Avoid adding oils to your foods. Avoid fried foods. Bake, don’t fry. When you saute veggies, steam them with water. Instead of oily salad dressings simply use vinegar, lemon, teriyaki, or mustard based oil free dressings. Olive oil is still liquid fat and very high in calories. Coconut oil contains mainly saturated fat and is very unhealthy.

Weight loss is slow. The best advice is for patience. However, it is also time to re-check yourself and  prioritize your efforts. 

  1. Avoid animal products and meat/cheese substitutes. 
  2. Review your added oil and fat intake — avoid frying foods, adding oil to cooking, oil dressings, and butter/oil in baking. If you are getting heartburn from your foods you are eating too much fat/oil. 
  3. Review The Traffic Lights System (see above) and take a look at your daily intake of rich plant based foods such as tofu, avocados, nuts, and dried fruit. These foods are healthy, but they are rich in calories. When you are trying to lose weight you must be careful with these. 
  4. Review your salt intake. Beware that salt is a flavor enhancer and it causes you to crave more food. Think with potato chips “you can’t just eat one.”  The high salt can lead to swelling, tightness in your hands and joints, high blood pressure, and a feeling of fatigue.
  5. Review sugar. At this point you are probably not eating tons of sweets but are hard to resist and are comforting during stress. They can make you tired after an initial high. Review your intake of sweetened drinks, sodas, and fruit juices. Treat fruit juices and sorbets as a delicacy or dessert. This does NOT include whole fruit. When you have a sweet tooth, then eat grapes, mangos, bananas etc.

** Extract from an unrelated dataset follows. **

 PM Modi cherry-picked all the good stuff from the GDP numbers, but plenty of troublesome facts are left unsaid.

Fake meat and cheese may serve as a transition food on your way to a completely plant based diet. Although they may be slightly healthier that their animal alternative, they tend to be unhealthy overall. In general, try to avoid these fake foods. Fake meat and cheeses tend to be salty, high calorie, processed foods with low fiber. Instead of fake burgers, eat bean burgers (typically made with beans, sweet potatoes and rice) or substitute a large Portobello mushroom. 

When compared with dairy products, the plant milk options are healthier and a great alternative to help with baking, and eating in cereals. Consider almond, soy, oat, rice, coconut, and cashew milk.

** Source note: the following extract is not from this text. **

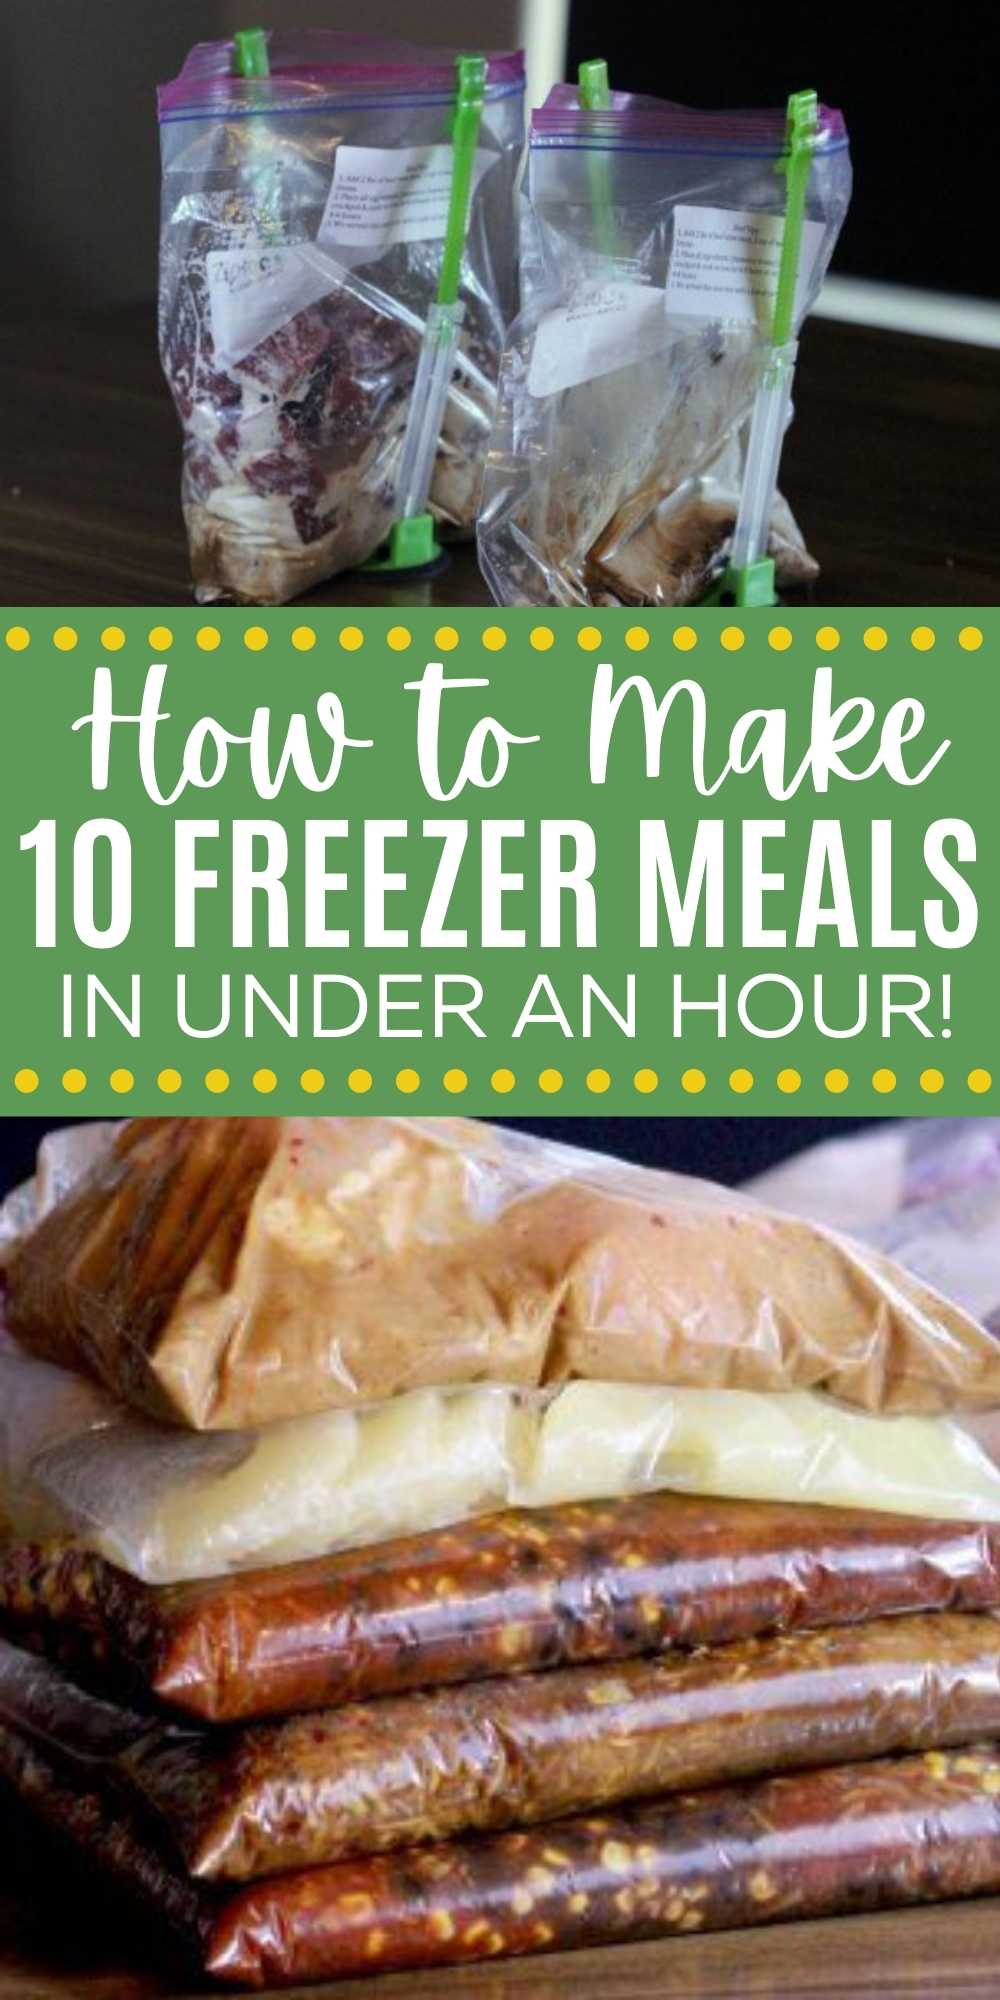 Check out this fun set of 10 crock pot Make ahead Meals that you can make in under an hour. These easy Make ahead Meals are easy to make and freeze great. Learn how to make freezer meals in under 1 hour.  You’ll be surprised how easy it is to make crock pot freezer meals.  #eatingonadime #freezermeals #crockpotrecipes #freezercooking

In baking, use applesauce as an oil substitute the ratio is 1:1.

For eggs in baking use ground flax seed (1 TBSP ground flax to 3 TBSP water) and it acts as a binder but leaves brown specks in the product.

Greens, Beans, Onions, Mushrooms, Berries and Seeds: Dr. Fuhrman’s daily recommendation to get nutrition packed foods every day. Notice that greens are first because they are the most packed with nutrients.

Yes. Oxalate containing greens like spinach, Swiss chard and beet greens are good but if you over do it. Limit intake of these greens to about 1 cup per week. Instead focus on arugula, kale and collards which have no/low oxalate. Typically vegans/vegetarians have multiple reasons that prevent kidney stones so this shouldn’t be a problem unless you have a genetic risk. Here is a video explaining oxalate.

Ideally eat whole foods. When eating packaged foods, look at the nutrition label for a less than 5:1 Carb to Fiber ratio per serving. This helps to clarify what is high in fiber.  Example: In 2 slices of “Wonderbread” there are 27g carbs and 2.7g of fiber. This ratio is 10:1 which is high carb with very little fiber and best avoided if possible. Video Explainer here.

Diet is more important than exercise for weight loss because you can easily / accidentally eat too many calories. Trying to exercise these calories off is much harder than simply avoiding them. Also, exercise should not be an excuse to eat poorly. Remember that there are more dietary concerns than simply weight, including inflammation, dietary toxins and carcinogens to avoid.

I recommend supplements that have been tested by third parties that are proven to contain the advertised substance and to not contain known harmful substances such as lead or mercury. Use supplements that have been cleared by USP (U.S. Pharmacopeia) such as NatureMade or Kirkland brand. If choose to buy a supplement — look for a third party verification program.